Op zondagmorgen, de dag na aankomst, schuifel ik in het stille donker stapje voor stapje van het gastenverblijf naar de ingang van het klooster om bij het ochtendgebed van 06:00 uur aanwezig te zijn. Het klooster is als een enorme vesting tegen de berg gebouwd en ik begeef me naar een piepkleine opening die toegang moet verschaffen. Binnen hoor ik de oproep tot het gebed op het semantron, het ritmisch slaan van een hamer op een ‘houten plank’ door een van de monniken. Ik klop op mijn beurt op de deur. De deurwachter steekt verbaasd zijn hoofd om de hoek. Nee nee, geen toegang. Een vreemdeling mag nu niet meebidden. Misschien in de middag om vier uur bij de vespers.

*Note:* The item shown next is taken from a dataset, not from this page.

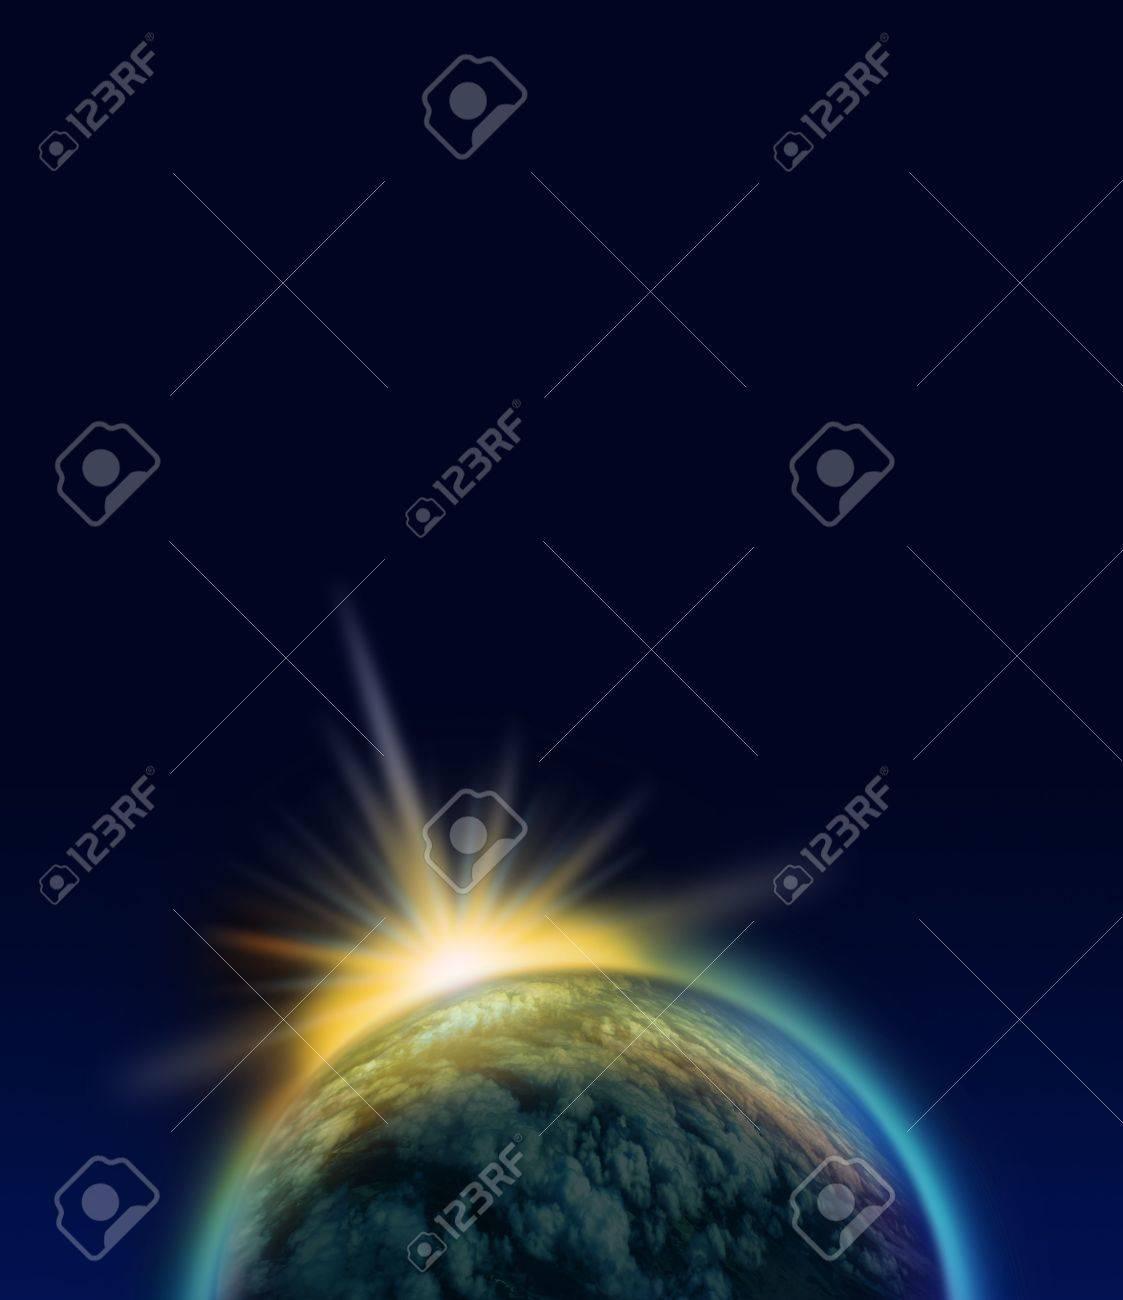 Shining Blue Planet And Bright Light Phenomenon On Dark Space Background Stock Photo

De zondagmorgen geeft me de tijd om na te denken over de reden van mijn aanwezigheid. Ik wilde van het jongste klooster naar het oudste klooster ter wereld reizen. Deze woorden heb ik meerdere keren met een knipoog als reden voor deze reis gebruikt, ze hebben zich genesteld in mijn hoofd. Maar nu ik hier ben en niet zo eenvoudig toegang krijg tot het klooster en de vieringen, vraag ik mij af wat ik nu werkelijk wilde. Wat is de reden achter het verlangen om hier te zijn?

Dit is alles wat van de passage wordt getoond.